Agents that must continue operating across extended horizons, where earlier choices about memory, routing, and verification can shape later capability and error.

Finite Active Context

A limited working context that cannot retain all relevant traces, hypotheses, or verification dependencies at once.

Bounded Memory

Hard limits on what can be retained, routed, synchronized, or checked under finite compute, communication, or storage budgets.

Lossy Compression

Compression that preserves some utility while risking alias hazards, contamination, or retirement of state that later turns out to matter.

Reset Policy

Rules for pruning, restarting, or reinitializing active state when context budgets, reserve feasibility, or contamination thresholds bind.

Delayed Verification

A setting in which decisive checks or audit evidence arrive after actions and memory updates have already happened.

Local Context Ceilings

Per-agent context limits that shape whether splitting inference into multiple workers can outperform a matched single-workspace baseline.

Multi-Agent Advantage

The potential gain from decomposition under fixed budgets when coverage, diversity, routing, and verification costs remain favorable.

External or Shared Memory

Memory held in external traces, typed commons, or shared substrates that multiple agents can access under explicit governance rules.

Evaluator or Yardstick Drift

Change in the benchmark, evaluator, memory, or verification process used to judge whether a system is improving.

Benchmark Half-Life or Validity Decay

Loss of benchmark discriminative power or construct validity as benchmark items and solution traces re-enter recursive public corpora.

How This Cluster Fits Together

This cluster can be read as a layered map rather than as a single closed doctrine. One layer concerns long-running agents under finite context and compression: what happens when an agent has to preserve operational adequacy over time while deciding what to keep, compress, retire, branch, or reset. A second layer concerns when splitting inference across multiple agents helps under fixed budgets, local context ceilings, and communication constraints.

A third layer concerns recursive self-improvement and yardstick drift. In that setting, the system can change not only its behavior but also the benchmark, memory, or verification process used to judge whether it improved. A fourth layer concerns benchmark validity decay in recursive public corpora, where evaluation systems degrade when benchmark items and solution traces leak back into the training and testing environment.
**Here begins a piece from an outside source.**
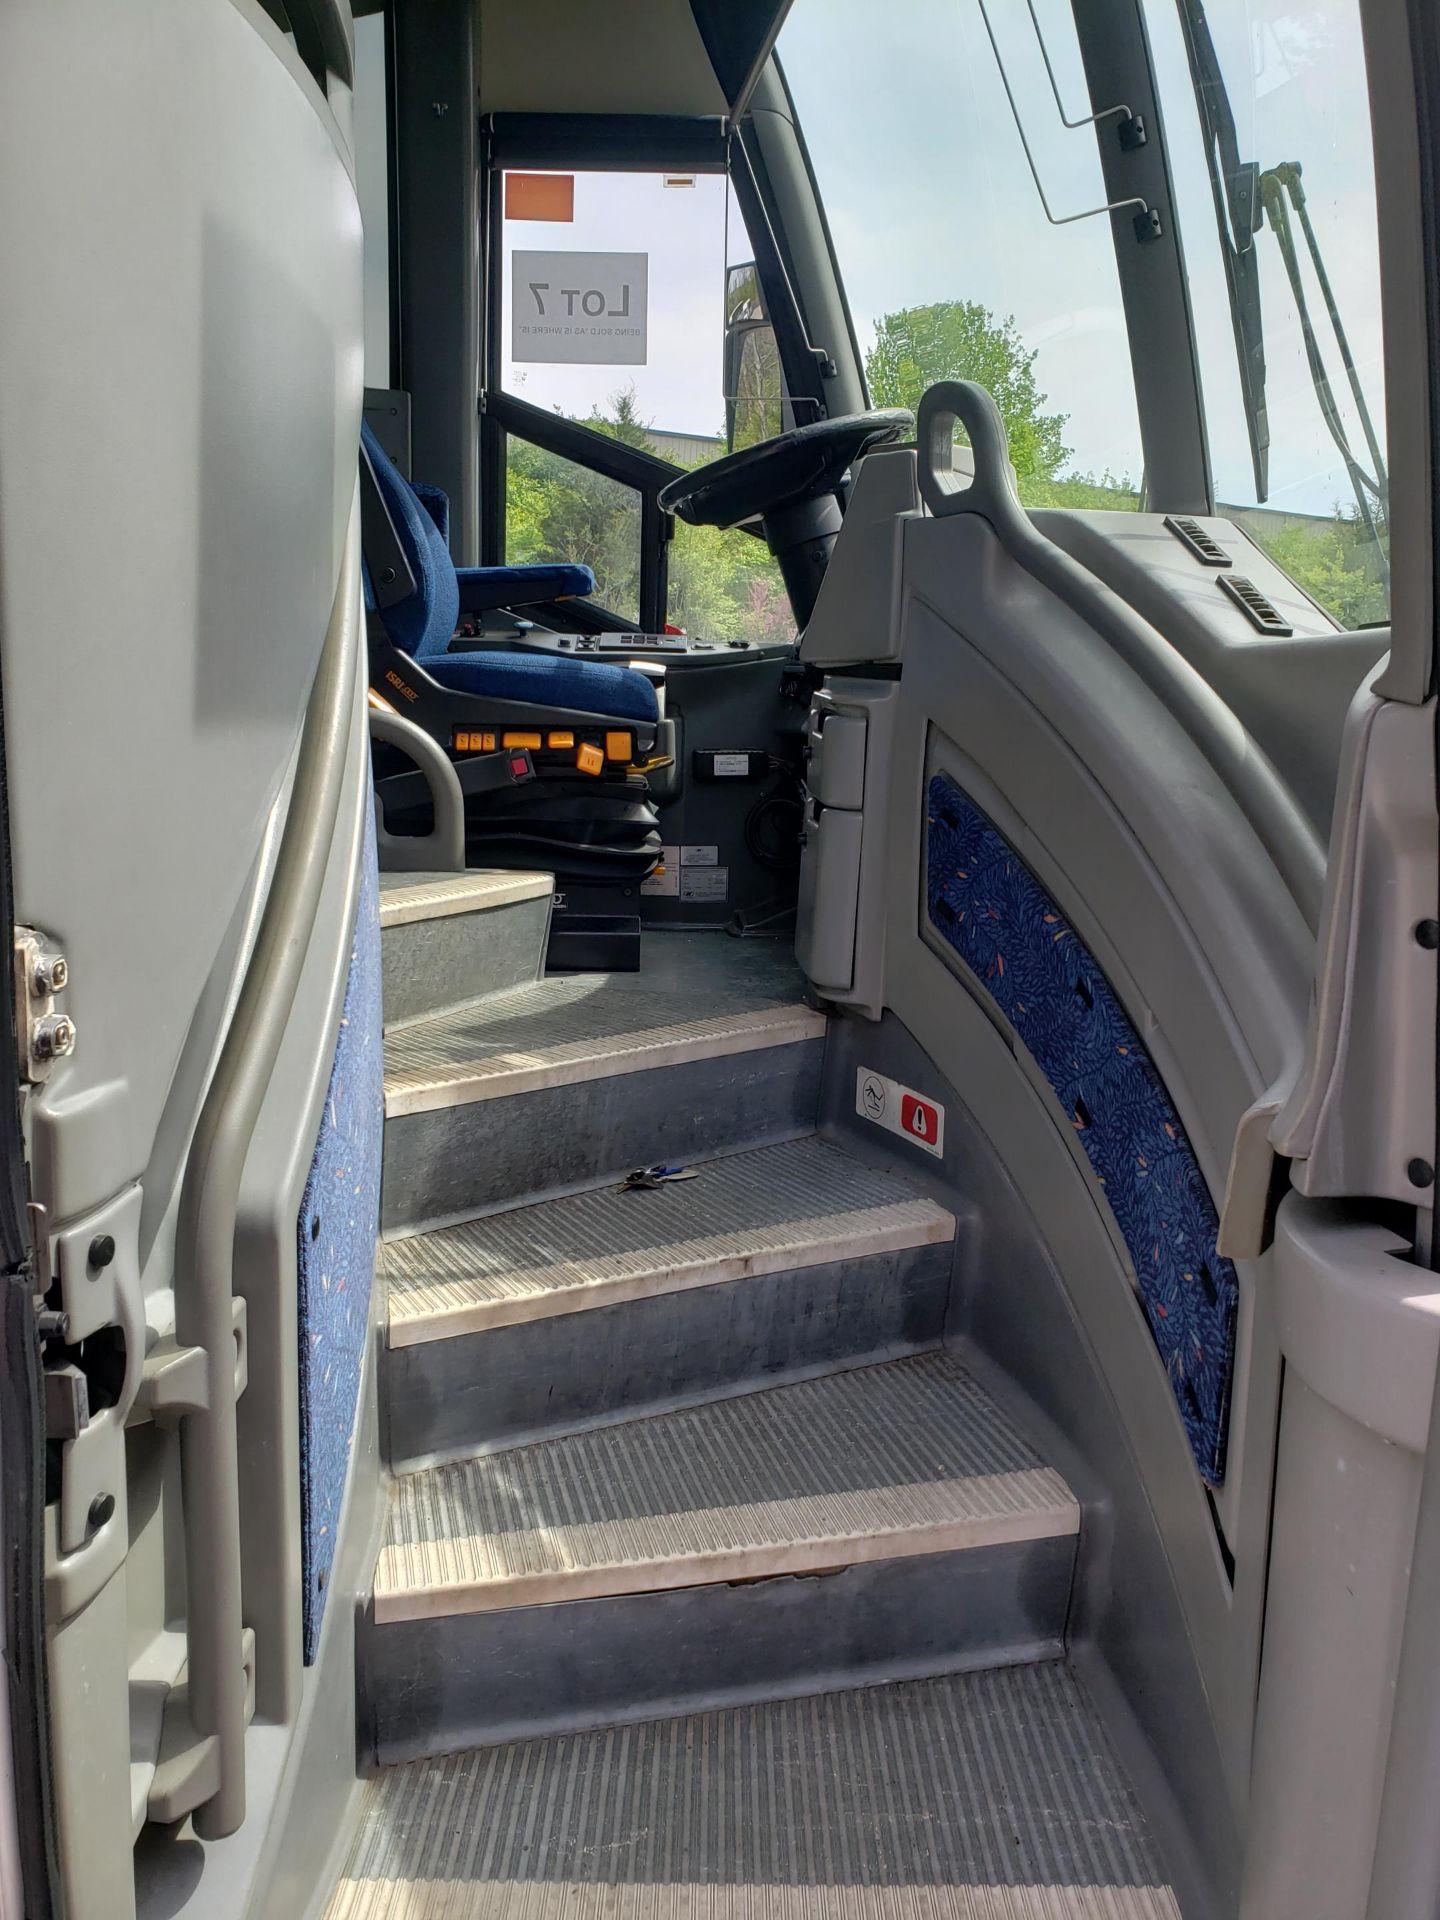 2005 MCI J4500 56-Pass Kneeling Coach Bus - Image 5 of 18

A fifth layer concerns shared or sovereign epistemic memory. When multiple agents persist together, shared memory can support collective inference, but it also raises governance questions about provenance, contradiction handling, contamination, and controlled exit. A final adjacent layer concerns lifecycle monitoring and replayable metrology, which support long-horizon deployment, progress credit, and monitoring under finite budgets without claiming to replace the core long-running-agent questions.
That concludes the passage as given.